# Gross floor area for stairway - which floor?



## Glenn (Jul 9, 2019)

Two stories connected by a single stairway with two stairs and an intermediate landing.  All functions of spaces require gross floor area calculation.  Which floor does the area of the stairway apply to?

1) one stair and half the landing to each story?
2) All to the bottom story?
3) All to the top story?
4) Whatever works best to limit occupant load where the designer wants?

What is your interpretation?  Thanks.


----------



## cda (Jul 9, 2019)

A?

All areas shall have code compliant exiting.

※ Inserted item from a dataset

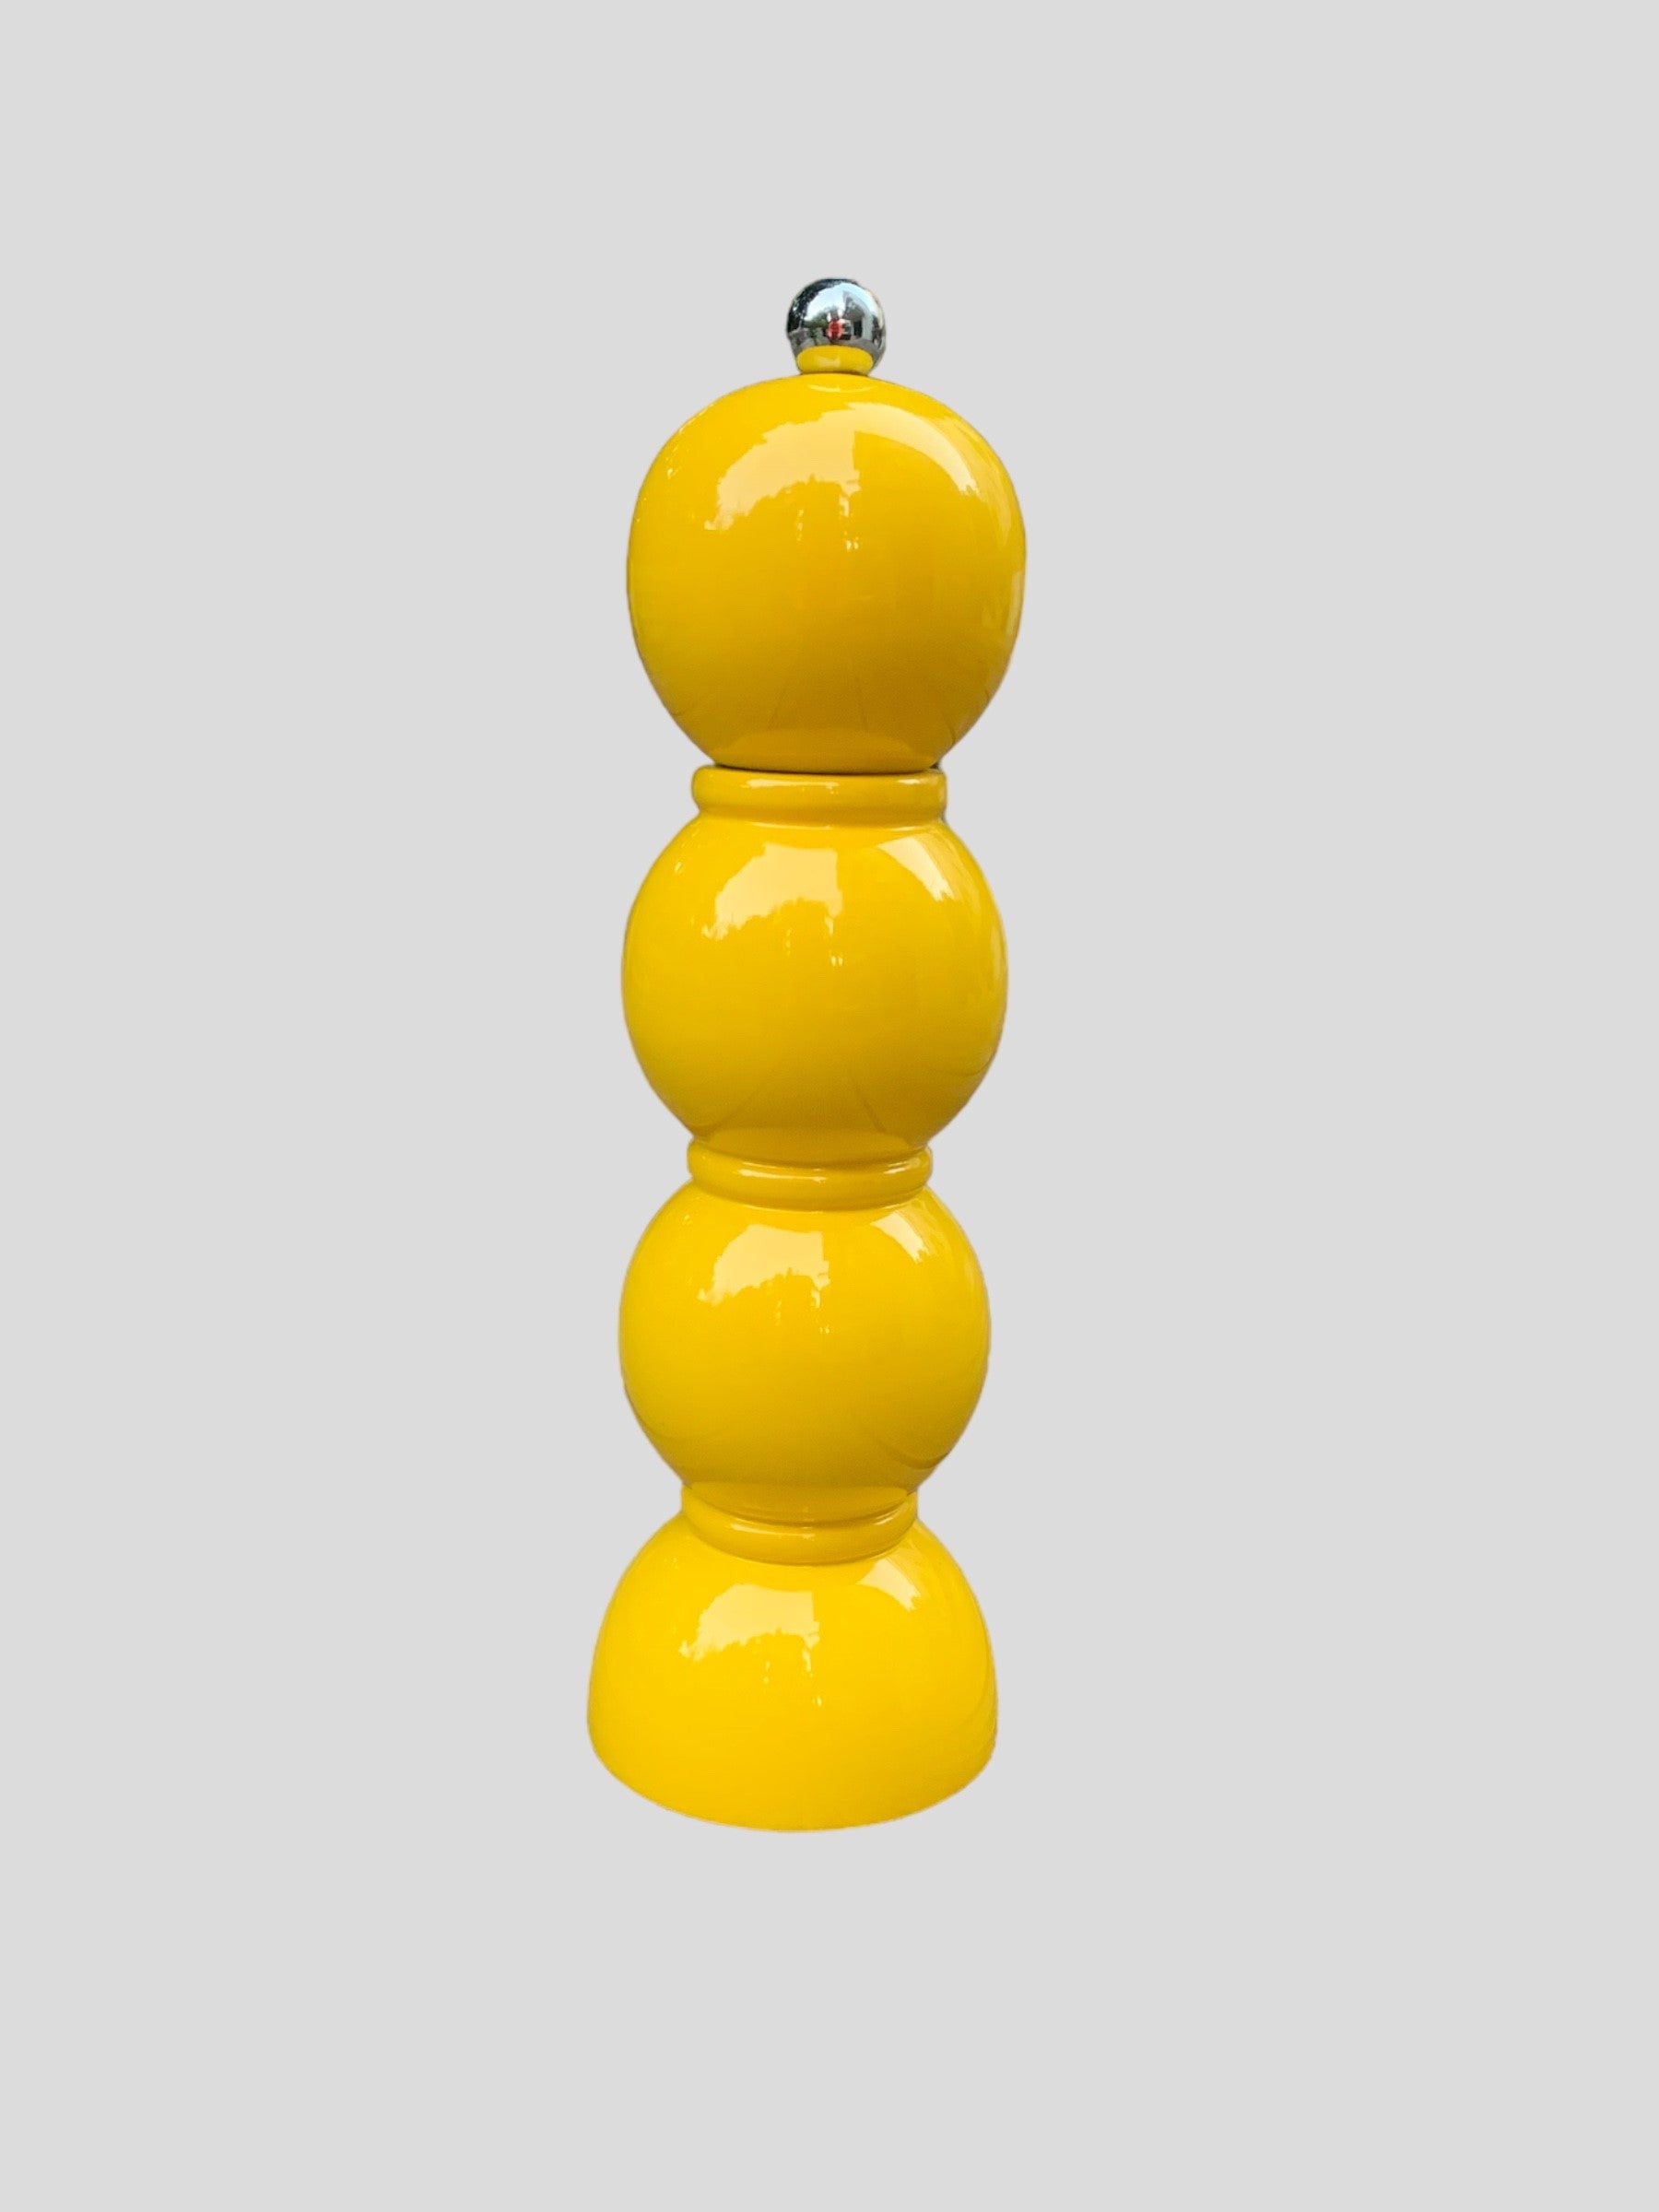 A yellow bobbin shaped salt grinder from Addison Ross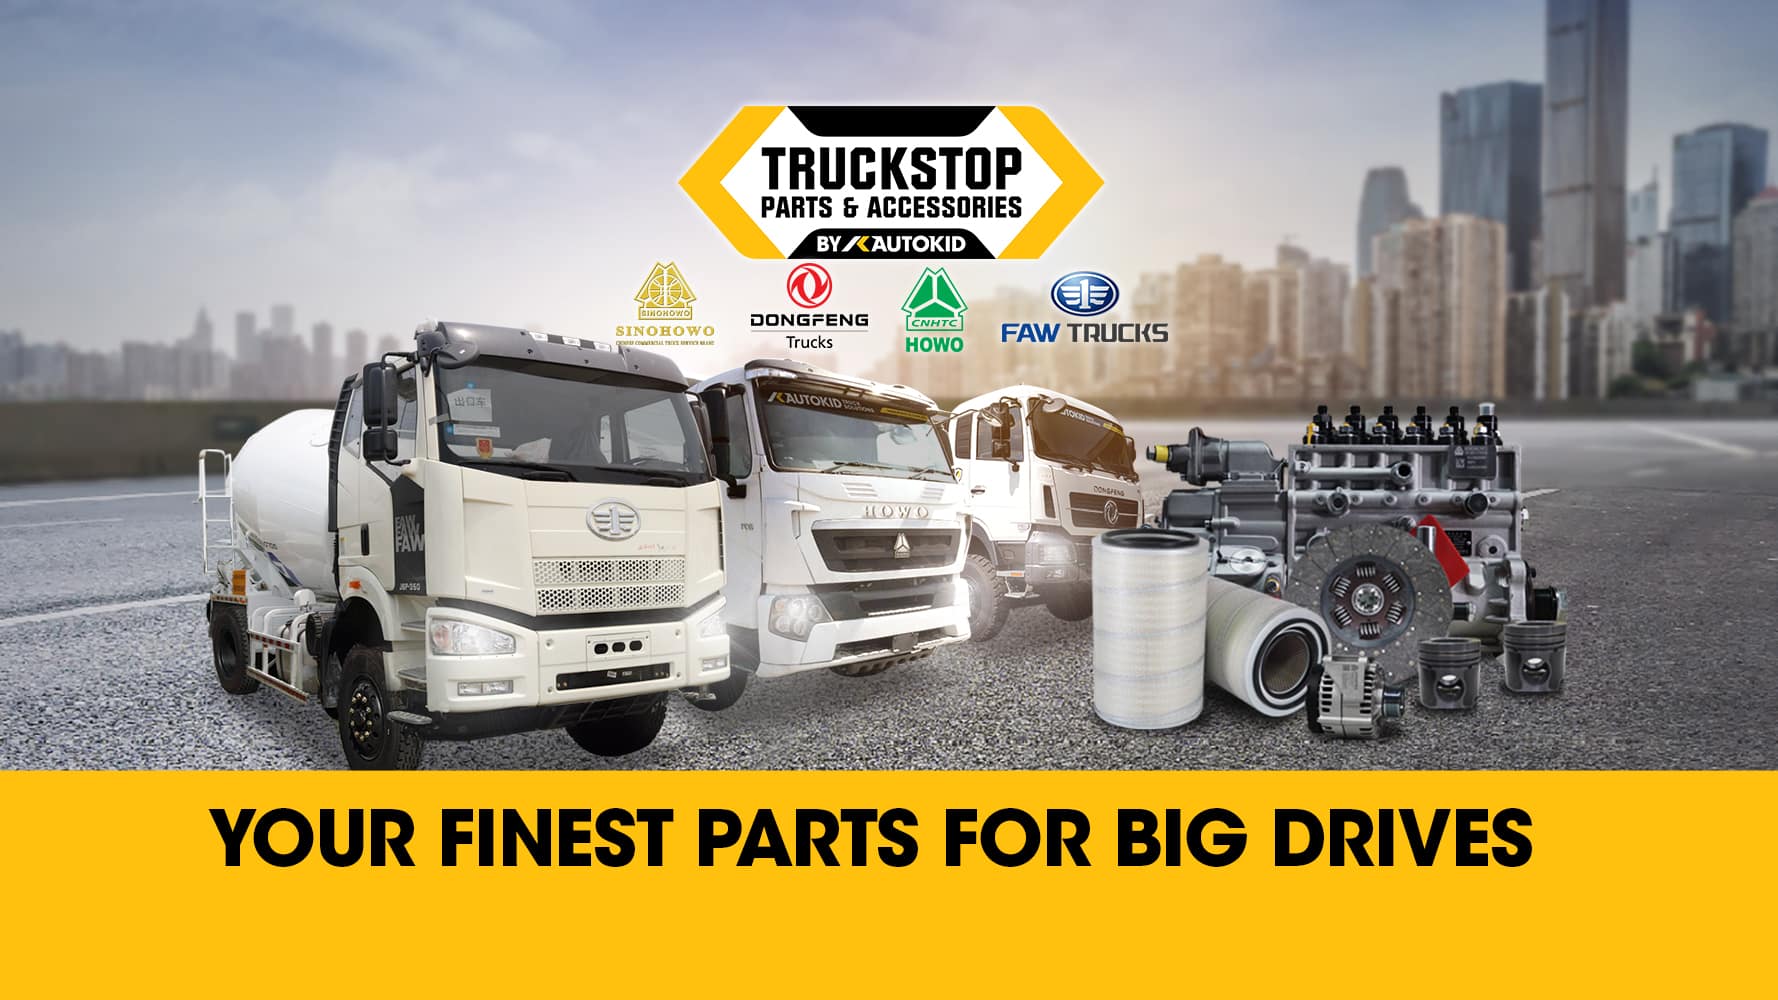 prins høj Universel TRUCKSTOP: Your finest truck parts for big drives - Autokid

A simple floor plan would help.


----------



## mtlogcabin (Jul 10, 2019)

#4


----------



## e hilton (Jul 10, 2019)

If there was no second floor, then there would not need to be stairs, so charge the stairs to the second floor.  Wait ... if there was no second floor, the space would be part of the first floor.


----------



## mtlogcabin (Jul 10, 2019)

Technically you do not get a deduction for stairs on any floor so you include each area the stairs takes up to each floor so the number is the same on all floors. You look at each and assume no stair exist

FLOOR AREA, GROSS. The floor area within the inside perimeter of the exterior walls of the building under consideration, exclusive of vent shafts and courts,* without deduction for corridors, stairways,* closets, the thickness of interior walls, columns or other features


----------



## Glenn (Jul 10, 2019)

mtlogcabin said:


> Technically you do not get a deduction for stairs on any floor so you include each area the stairs takes up to each floor so the number is the same on all floors. You look at each and assume no stair exist
> 
> FLOOR AREA, GROSS. The floor area within the inside perimeter of the exterior walls of the building under consideration, exclusive of vent shafts and courts,* without deduction for corridors, stairways,* closets, the thickness of interior walls, columns or other features



I see your rational here using the definition, and that is the answer that leans toward safety.  However, I don't see the rational of counting the area of the stairs twice.  Trying to explain that in an educational environment reduces faith in the sensibility of the code.  If the function of space dictates an occupancy density, it would be hard to convince someone that twice that density would be hanging out on the stairs.
My thought was they would be best counted toward the second floor because the question is of occupant load and thus number of exit access.  The occupants on the stairs would only be on the stairs for the sake of going to or coming down from the second floor.  First floor occupants would not need the stairs.  In a particular example, if the stairway was counted toward the second floor, it would tip the scales to needing two exit accesses from the second floor.  Since the stairs are not providing exiting means for the occupants on the first floor, it would make the most sense to apply them to the second floor.


----------



## Glenn (Jul 10, 2019)

cda said:


> A?
> 
> All areas shall have code compliant exiting.
> 
> A simple floor plan would help.



Just imagine a two story building with a stairway in the middle.  For a gross floor area you calculate the floor area inside the exterior walls.  However, at the stairway, there is only one "floor area" (surface for people to stand) that covers both stories.  If counted twice, it would be assuming twice the density on the stairway over any other place in the building.  That is hard to justify.


----------



## Inspector Gift (Jul 10, 2019)

Glenn,  
With residential plans we usually include the stairs are part of the floor they serve, but also include any usable space under the stairs with the floor on which they are located.   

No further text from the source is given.